8. Future State and Dependency Queries
In the future, reproducible installations within package ecosystems are being developed. Package distributions allow for defining multiple variants of the same package for different platforms, eliminating the need for post-install scripts. Dota introduces new policies and permissions, while NPM has made audit improvements and launched the Dependency Selector Synthesis. This language enables powerful and expressive queries for dependencies, providing metadata and attribute filtering. The NPM CLI's QuerySelectorAll method allows front-end developers to use this syntax. Selectors like samber and outdated exist, and there are open RFCs for audit queries and policies. Key takeaways: security is a team sport, NPM is recommended for package management, curiosity enhances safety, and sharing discoveries benefits everyone.
So take a look at what the future state holds. There is hope. People are working on coming with reproducible installations within the package ecosystems. One solution I've been working on is something called package distributions. I wrote the spec well at NPM, and it's the idea that you can define multiple variants of the same package, specific for different platforms, and essentially swap out one package for another, based on the conditions that are met for the system when installing. This eliminates the need for post-install scripts, and this provides a first-class package distribution support mechanism.
Dota has also introduced new policies and permissions, which help you lock down at runtime what programs do and don't have access to. Within NPM specifically, there's also been a ton of audit improvements. In NPM v.8.16, we launched something called the Dependency Selector Synthesis. This language borrows heavily from CSS. It's holding a number of similar redundant filter mechanisms that we've had in the past and helping to create a language that easily answers multifaceted questions about your dependencies and their relationships.
Here are some examples of just how powerful and expressive this language is. You can create various CSS-like queries for dependencies using the NPM query command. Specifically, you can dive into your package's metadata and ask for things like packages with specific licenses that you do or don't want, or specific versions that may or may not be compliant with your specific heuristics. Attributes are also available through the selector syntax, as well as metadata about the type of dependency it is. In the last example, we actually look for any package or dependency that has any install scripts, essentially creating a query of finding any potential mutable references within our dependency graph.

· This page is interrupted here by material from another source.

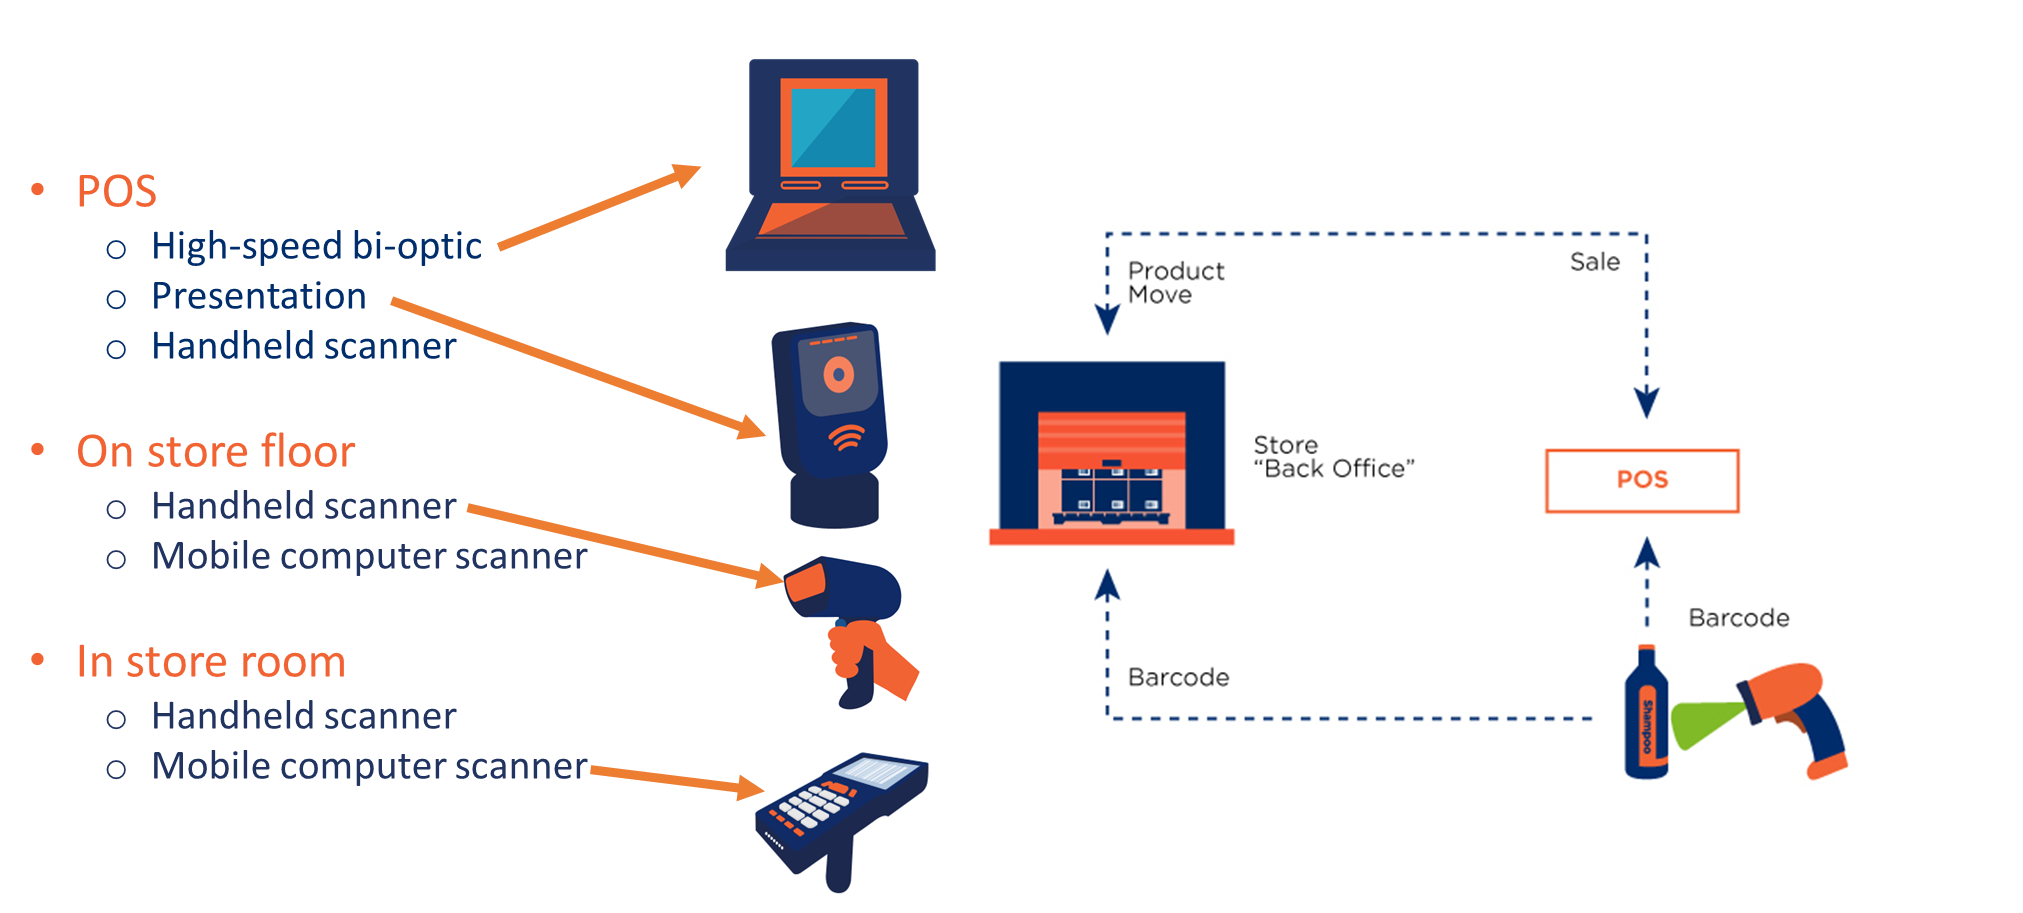 A diagram showing different stype sof scanner: a high-speed bioptic, presentation and handheld at POS; handheld amd mobile computer on the shop floor, similar tools in the store room.

Just like the browser, we've made this syntax available through a method that hangs off an arborist dependency tree. The method is called QuerySelectorAll, which should be familiar for front-end developers. If you'd like to try out the selector syntax, you can by running npm query and providing a selector. In this example, I'm looking for any dependency that has a version less than 1.0.0. And then I pass that to jq and do some fun stuff while mapping over the version and the version name.
We hope that this tooling will help you find bugs better. Isolating them within the graph and ensuring that you understand what exactly is being installed. Notable selectors that exist today are things like samber and outdated. Not yet implemented, but hopefully soon will be the vulnerable status, as well as the CVE and CWE pseudo selectors. There's currently an open RFC for audit queries being added to the NPM audit command. This would allow you to filter down what you care about and whether or not those dependencies are vulnerable. Currently there's an open RFC called audit policies. This feature gives you the ability to define ESLint like syntax for policies. Choosing a DSS selector along with the type for the selector, improving the audit capabilities that we have today, and generalizing heuristic enforcement.
So what are the key takeaways from this talk? Security is a team sport. If you need a package manager, you should probably be using NPM. Staying curious will keep you safe, and sharing discoveries you find helps us all.